= Dragan Jovanović (Yugoslav politician) =

Dragan Jovanović (Драган Јовановић) was a cabinet minister in the Federal Republic of Yugoslavia during the early 1990s.

==Private career==
Jovanović was director of the Serbian Social Accountancy Service in the Socialist Federal Republic of Yugoslavia at the time of that country's disintegration. In an interview with Tanjug in July 1991, he remarked that the constituent republics of Yugoslavia, and in particular Slovenia and Croatia, had stopped making mutual payments due to the deteriorating political situation. This, he added, was preventing Serbia from making its payments to those republics.

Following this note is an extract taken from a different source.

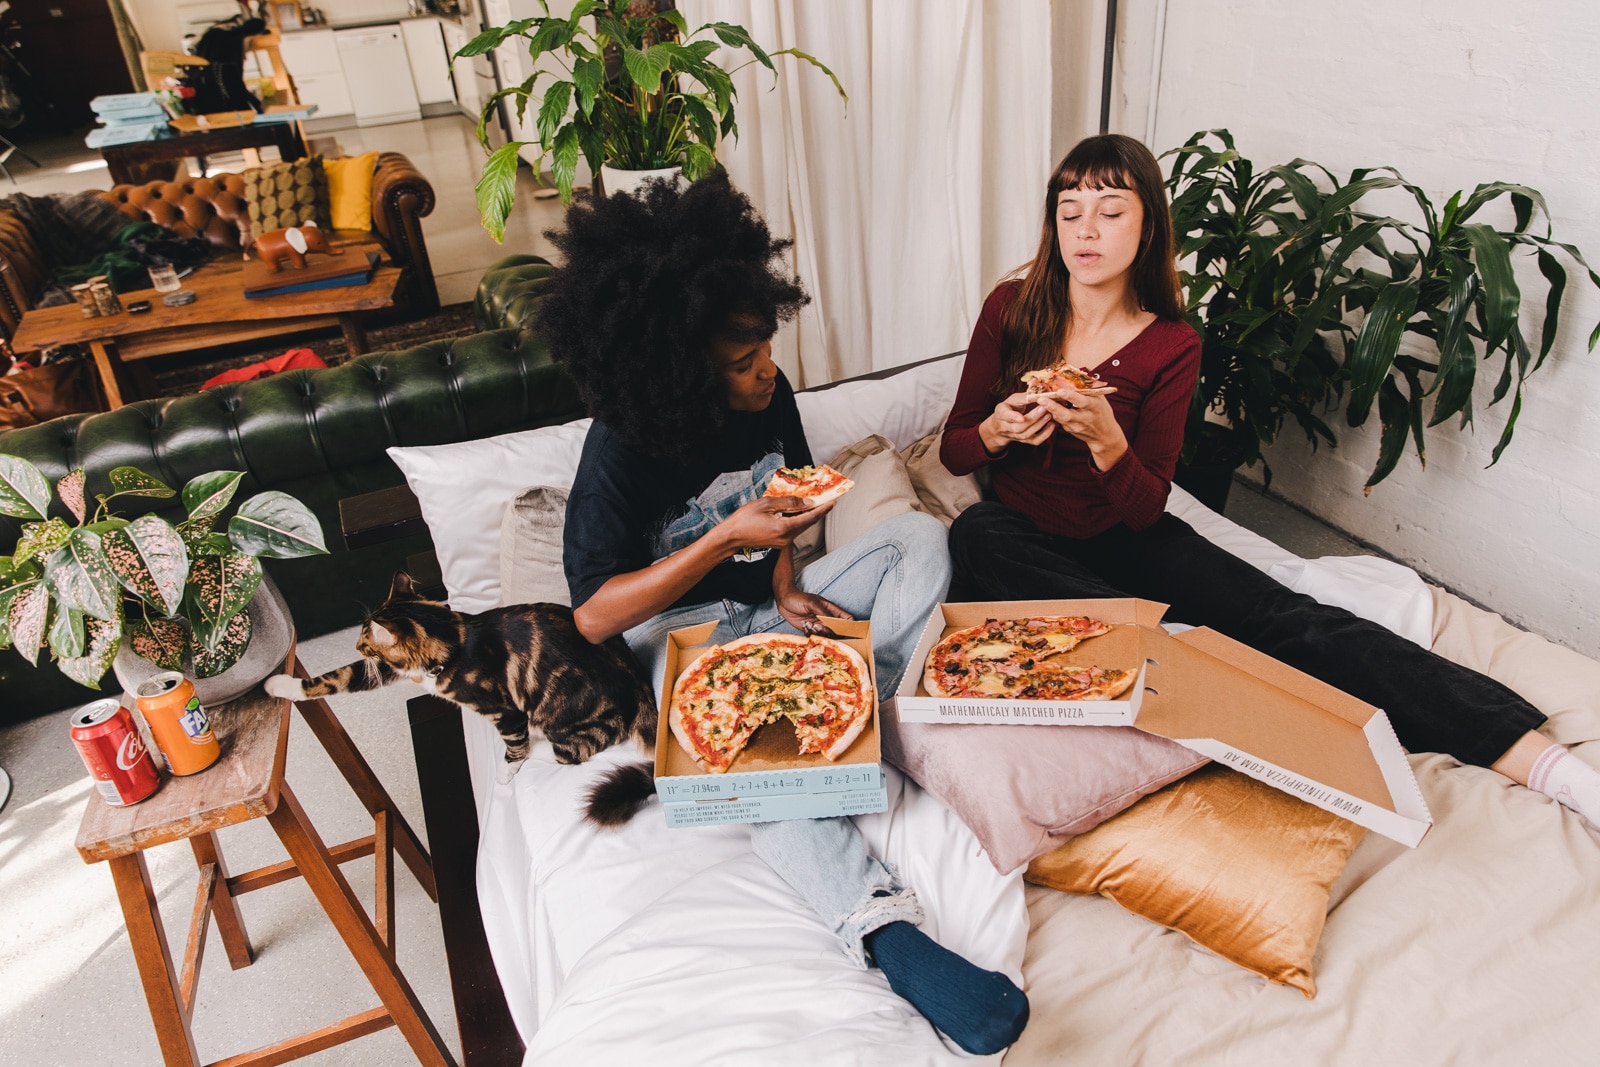 Enjoy our Gourmet Pizza in the comfort of your own home

The Federal Republic of Yugoslavia reformed its currency in 1992, resulting in a chaotic period of hyperinflation. Jovanović was removed from his position in June 1992 after being blamed for a disastrous shift to the new dinar. He later accused allies of Serbian president Slobodan Milošević of scapegoating him for the situation.

==Cabinet minister==
On September 11, 1992, Yugoslav prime minister Milan Panić appointed Jovanović as his minister of finance. This was considered as a pointed snub to Milošević and part of a bid by Panić to strengthen his position in an ongoing struggle against the Serbian president.

Jovanović's term in office was ultimately brief. Panić stood down as prime minister in February 1993, shortly after a failed bid to defeat Milošević in the 1992 Serbian general election. Jovanović left office not long thereafter, on March 2, 1993.